Have you ever had the unfortunate opportunity of experiencing a love affair with a man who is just far too afraid of commitment? Things start out well. You’re seeing a seemingly great guy. He’s doing such a good job of wooing you and winning you over. He makes you weak in the knees. And things are going so smoothly; straight out of a Hollywood romantic comedy. But then, there’s something that’s nagging at you. There’s that weird feeling that you just can’t seem to shake. You know that he’s falling for you and that you’re falling for him too. But somehow, you also get the feeling that he’s scared.
And it’s really frustrating. You meet someone and you know that you have some kind of connection with one another. Whenever you spend time together, you feel like you are exactly right where you need to be. Things are going smoothly, but then, as if out of impulse, he starts to pull away from you ever so slowly. He will act cold and distant with you. He is going to withdraw into himself and he’s not going to let you in. And he’s going to leave you feeling very confused and uneasy about the whole situation. He’s not going to be giving you much to work with emotionally. You’re going to feel cheated and shortchanged.
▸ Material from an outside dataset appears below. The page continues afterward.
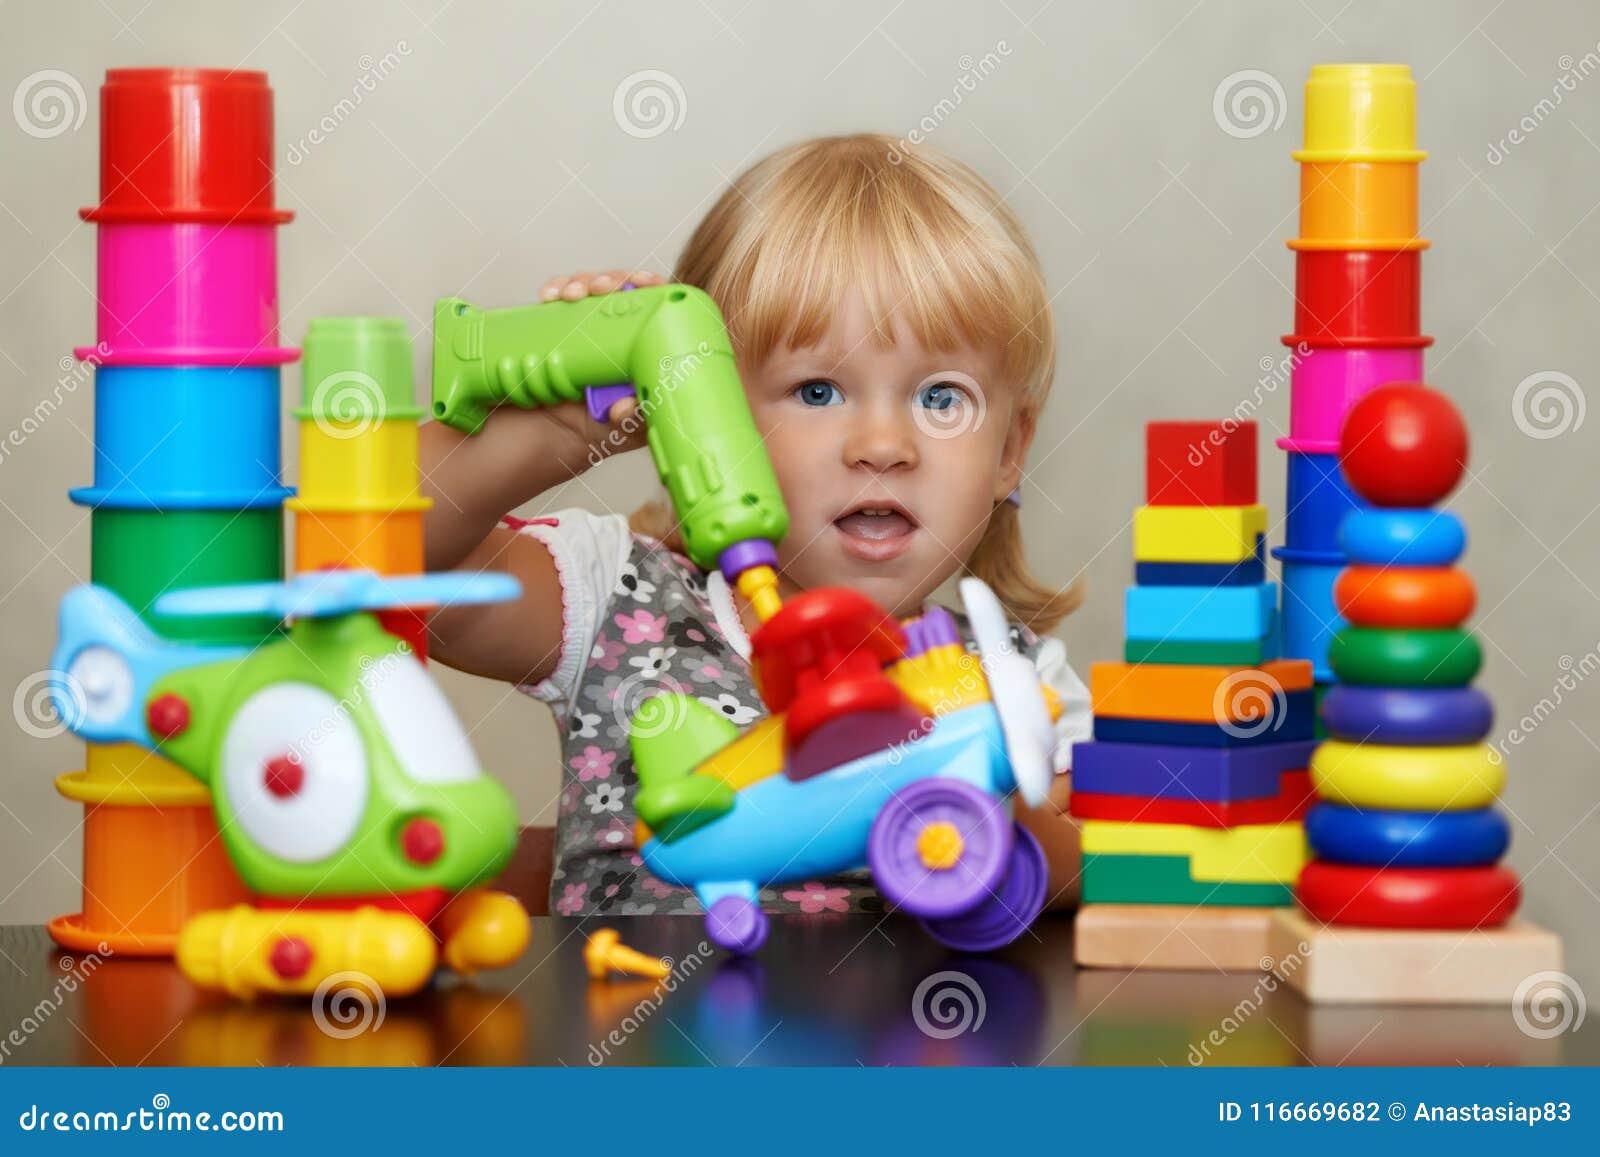 Niewidziana rzeczywistość magiczny kolorowy świat zabawki
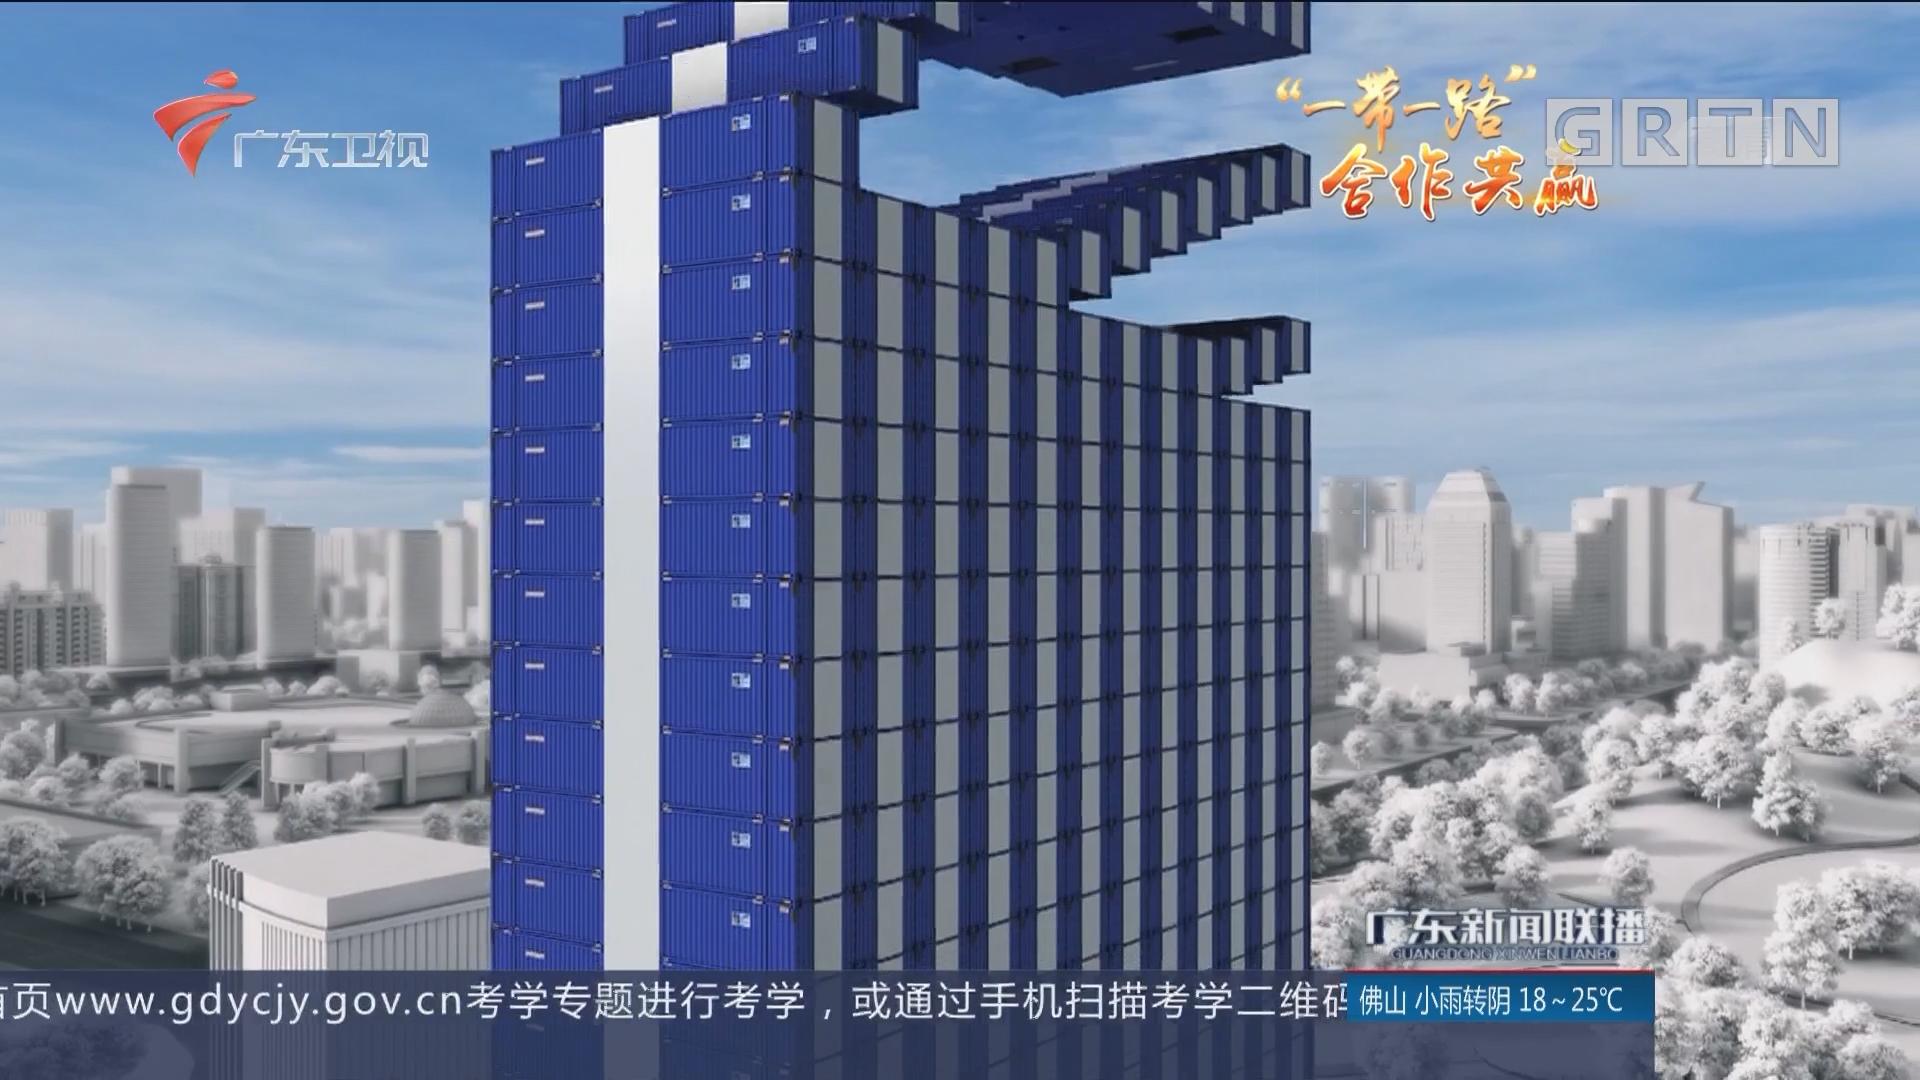 """用模块化建筑向全球输出""""广东创造"""""""

And it’s going to be a very emotionally vulnerable position that you’re going to find yourself in. You did your part. You made sure that you didn’t come off too strong. You made sure that you weren’t being too forward or aggressive. You let things take their natural course in the relationship. You didn’t rust or pressure him into doing or being anything for you at all. But you still can’t help but shake the feeling that it’s somehow your fault that he’s pulling away.
Okay. You have to stop thinking that it’s your fault. It’s not. It’s him. He’s scared. He’s frightened. And if it’s not with you, it would have been with just about anyone else. And that’s what this article is going to help you understand. As you read more and more, you’re going to come to discover what his thinking process is; why he’s doing what he’s doing and why none of it is your fault. And you’re also going to grow to discover why it’s possible for him to be in love with you and still be afraid of committing to you at the same time. Here are 3 signs that he’s in love with you but he has a fear of commitment:
1. It’s either a relationship that is full of fireworks or a relationship that is full of… nothing.
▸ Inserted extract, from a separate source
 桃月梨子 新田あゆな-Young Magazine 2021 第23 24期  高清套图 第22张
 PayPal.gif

It’s as if your relationship is living on the extremes. It’s either it’s so amazing and unbelievable all of the time or it’s just completely sad and nonexistent. You never find your way to a place of moderation or stability. You are constantly having to deal with extremes. One minute, he’s the absolute best – he’s connecting with you in ways that you have never connected with anyone. And on the next minute, it’s as if he doesn’t even know who you are. This is the kind of emotional rollercoaster you have to bear with your relationship all of the time.
2. He doesn’t really put much effort or energy into your relationship.
People generally don’t put too much effort into the things that they don’t commit themselves to. So even if he’s acting like a great guy towards you, you know that he’s not committing to you if you feel like there’s a lack of energy there.
3. He tells you that he’s deeply in love with you but he doesn’t really engage in talks about future plans with you.
He plays the part perfectly. He is always so kind and caring towards you. He treats you with love and respect. He acts like a really great guy; someone who you can always rely on to be there for you – that is until you start talking about the future. Any talks of the future are going to scare him. He doesn’t really want to talk about the future because he only likes to live in the moment that he’s in.
At the end of the day, you can’t really fault him for being like this. You can’t fault a person for having fears and phobias. However, that doesn’t mean that you have to be putting up with it either. It has to get to a point wherein you make a choice; whether it be for him or for yourself. And ideally, you choose yourself. It’s nice if you give him a chance; if you give him the time and space to eventually get over his fears of committing to you. But you also have to strict enough to say when enough is enough; and you need to force him into making a decision with you. And if he’s just not willing to commit to you, then you’re going to have to move on to someone who will.